また、ケースなどのコンテンツ開発活動については、レナルト教授がケースライティングのクラスで「IESEでは、教授が書いたケースはすべてpublishingのサインをした後はIESEのクリアリングハウスに集められることになっている。これはルールであり、それによって教授は報酬をもらうわけではない。またそのケースが外部に売れても、その売り上げは教授には還元されない。ただ、執筆したケースがEuropean Case Awardなどを受賞すれば、IESEが多少の報奨金をくれるけれどね」と言っていました。

ただ、ここIESEでは同じコンテンツ開発でも、どうも「ケースの執筆」という活動と、「プログラム(コース)開発」という活動は明確に分かれている気配を感じています。したがい、教授がケースを書くのは自由だが、それをどのようにプログラムにパッケージングして売る仕組みになっているのか、またIESE内部で「よく売れる」ケースを書いた場合の報酬額はどのように変化するのか、といったことはまだ判明していません。来週以降は、このあたりの内部のメカニズムについて、もう少し切り込んでいきたいと思っています。

ただ、先週金曜日の「Institutional Management」のセッションで、元Deanのカルロス・カバジェ教授が「高い年俸の教授を雇うのと、安い年俸の教授を雇うのと、どちらが良いか?答えは、どちらも『良いビジネススクールを作るのには役に立たない』だ。年俸の高い教授も、安い教授も、良いビジネススクールと関係ない。大事なことは『ビジネススクールに強くコミットしてくれる教授』を雇うことだ」と話していました。カギはここにありそうな気がします。

もう1つ、これに関連してですが、加瀬先生が言っていたことで、こんな話がありました。「日本の大学は今任期制を取り始めているが、多くの大学は3年の任期制ということを言っている。だが、あれは非常によくない制度だと思う。大学教授の仕事というのは、探し始めてから1年ぐらいしないと見つからないものなので、自分がクビになるということは少なくとも1年以上前に知っておきたいのが教授の本音。

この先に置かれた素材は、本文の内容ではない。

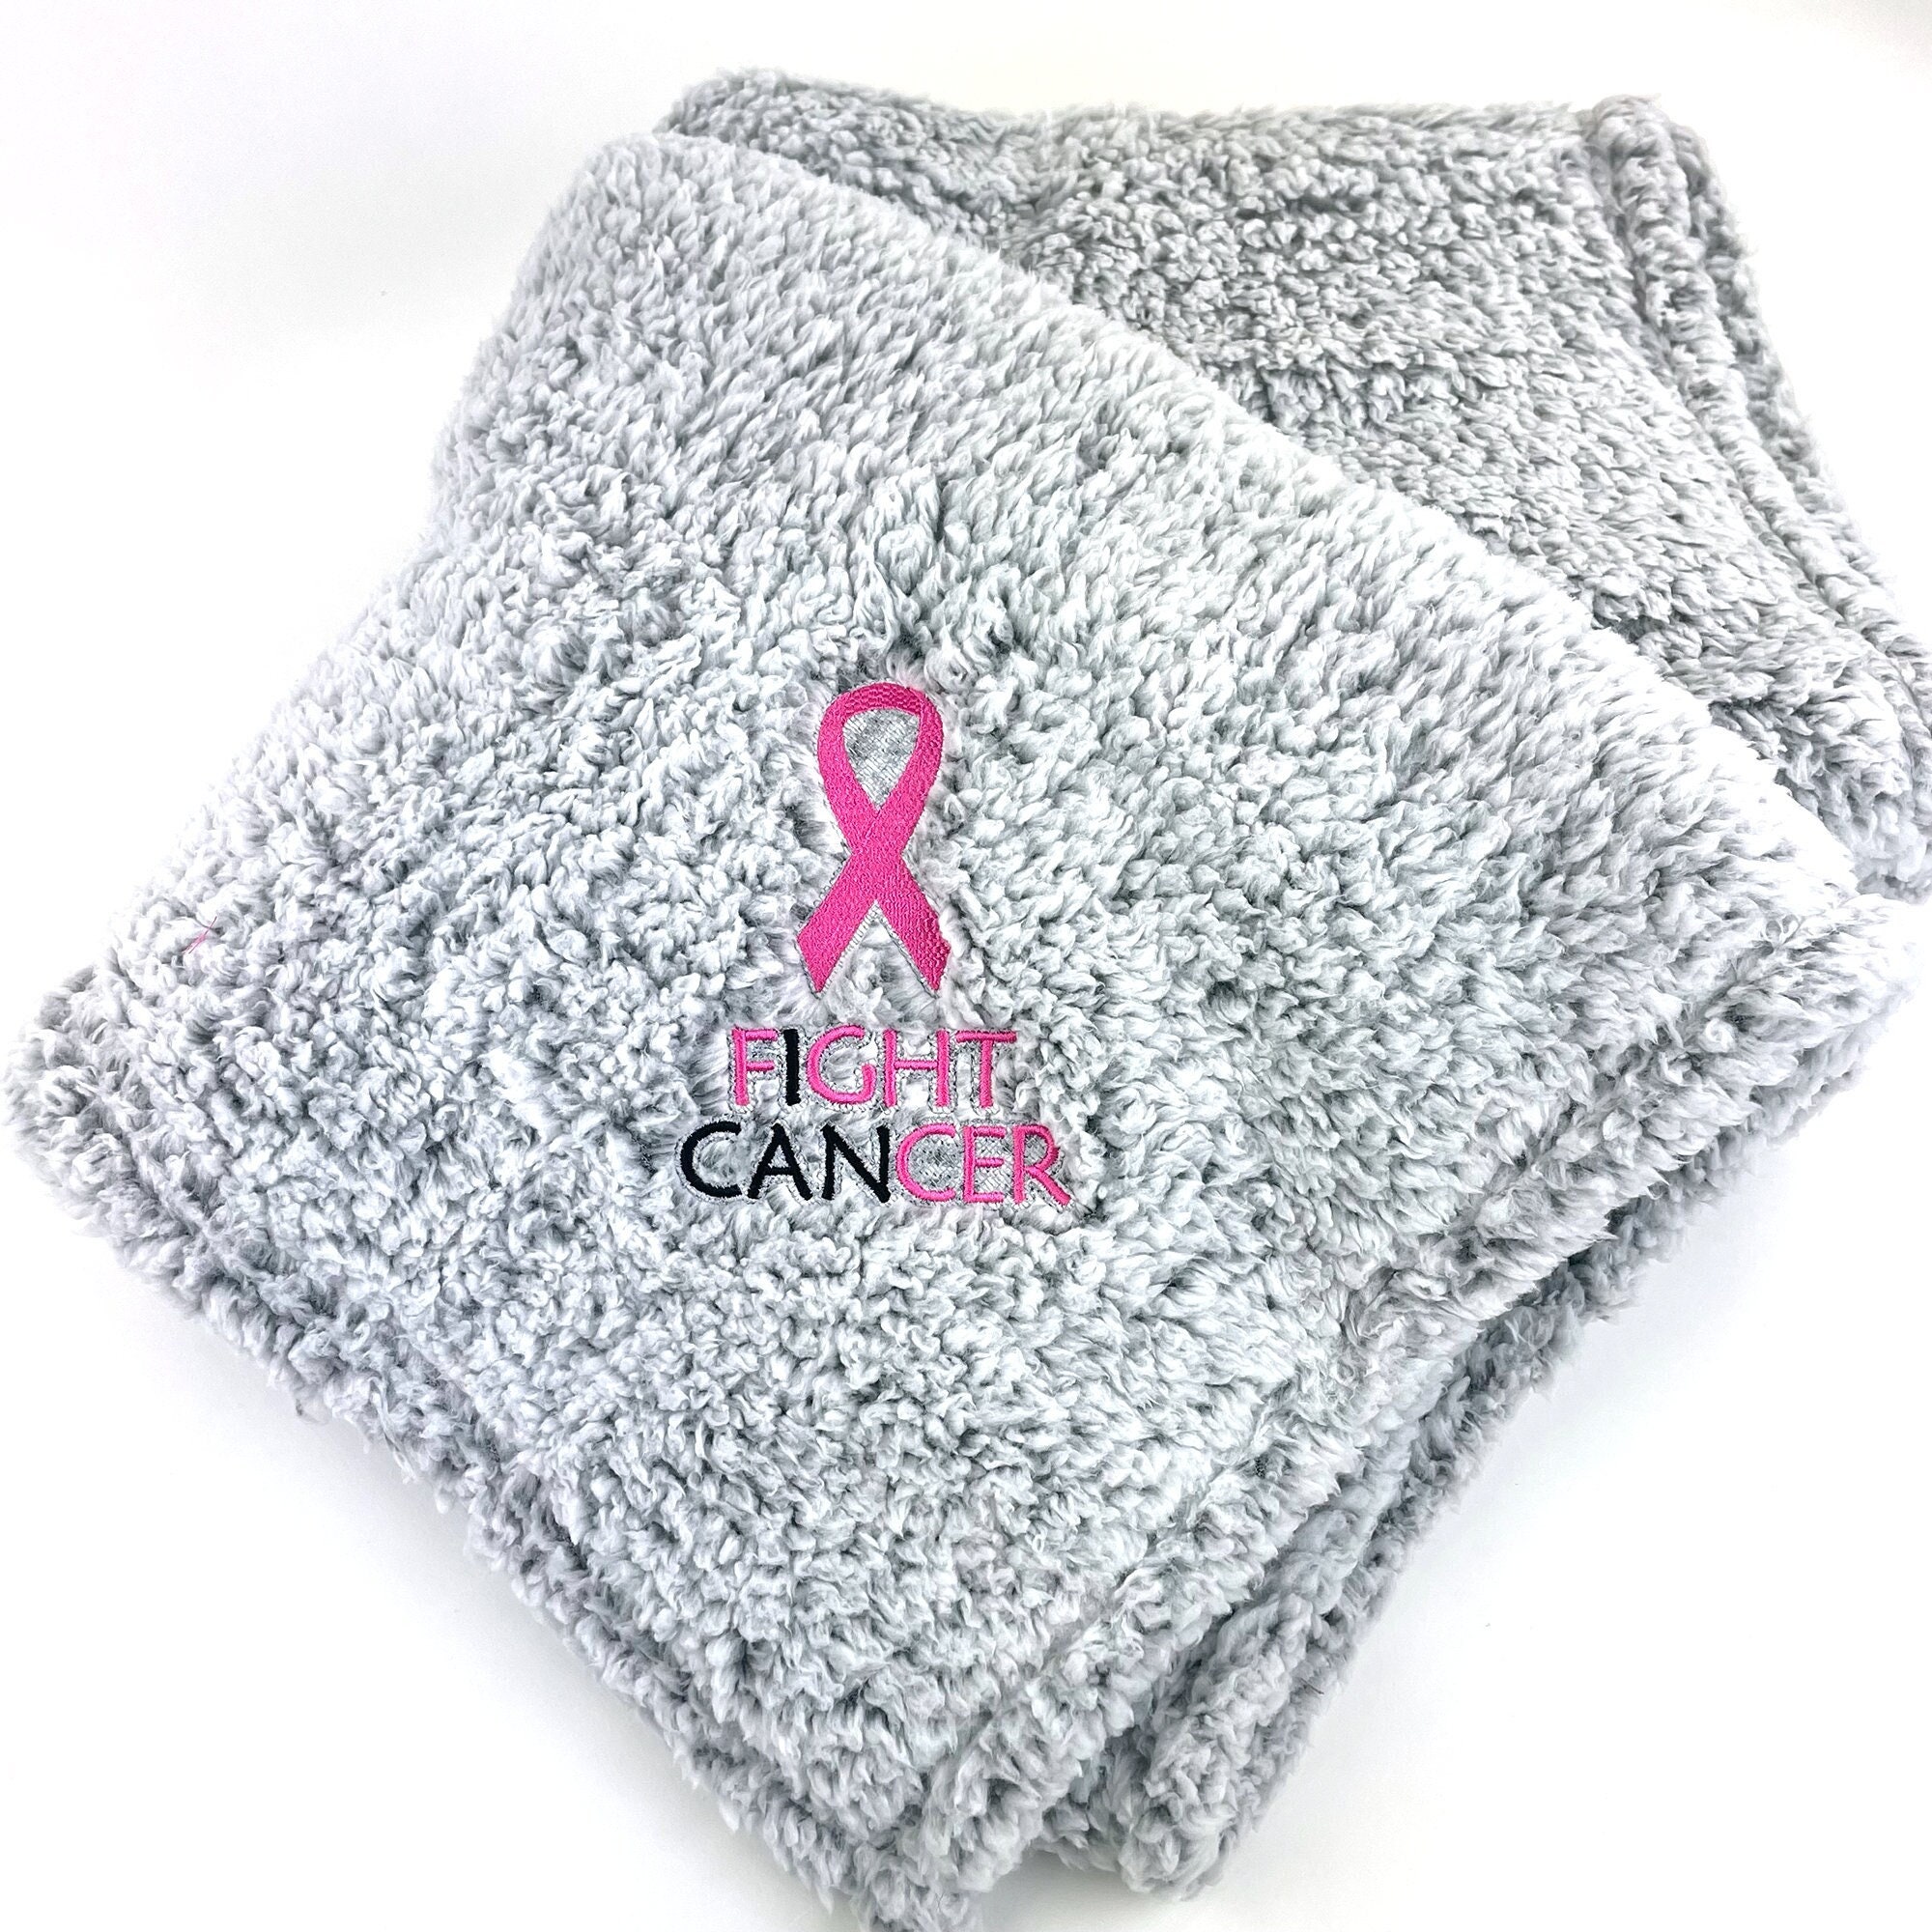 Chemo Blanket

となると、3年の任期では1年目はその学校のやり方に慣れるので必死、2年目は軌道に乗ってきて成果が出せるようになるが、3年目は次の職探しで頭がいっぱいになって仕事が手に付かなくなってしまう。となると、3年任期制で実際にフルに働けるのは1年だけということになる。あれはとても非効率だと思う」

例えば、我々社員のように「雇用の保障」がされたうえで、当該ポストの任期が3年ということならまだ分かるのですが、大学教授の仕事は特に年単位のサイクルで動くプログラムの場合、慣れるのだけで1〜2年かかるわけですから、やはり評価/報酬のサイクルを回すという点からすれば、ある程度の長期雇用を前提としなければ成り立たない気がします。

となると、ある程度長期の雇用を保障する代わりに固定給部分を少なめにして、教育や研究活動に対する成果給の部分を大きくするのが合理的ということになりますが、とはいえあまりにも極端な「成果給」型報酬体系を取ると、それはそれで長期的なコミットメントを阻害しそうな気もします。結局教授というポストの人にそれぞれのビジネススクールが何を求めるのか、ということを明確にして雇うことが必要なのでしょう。今のところ、「教授の報酬」というテーマで感じているのはそんなことです。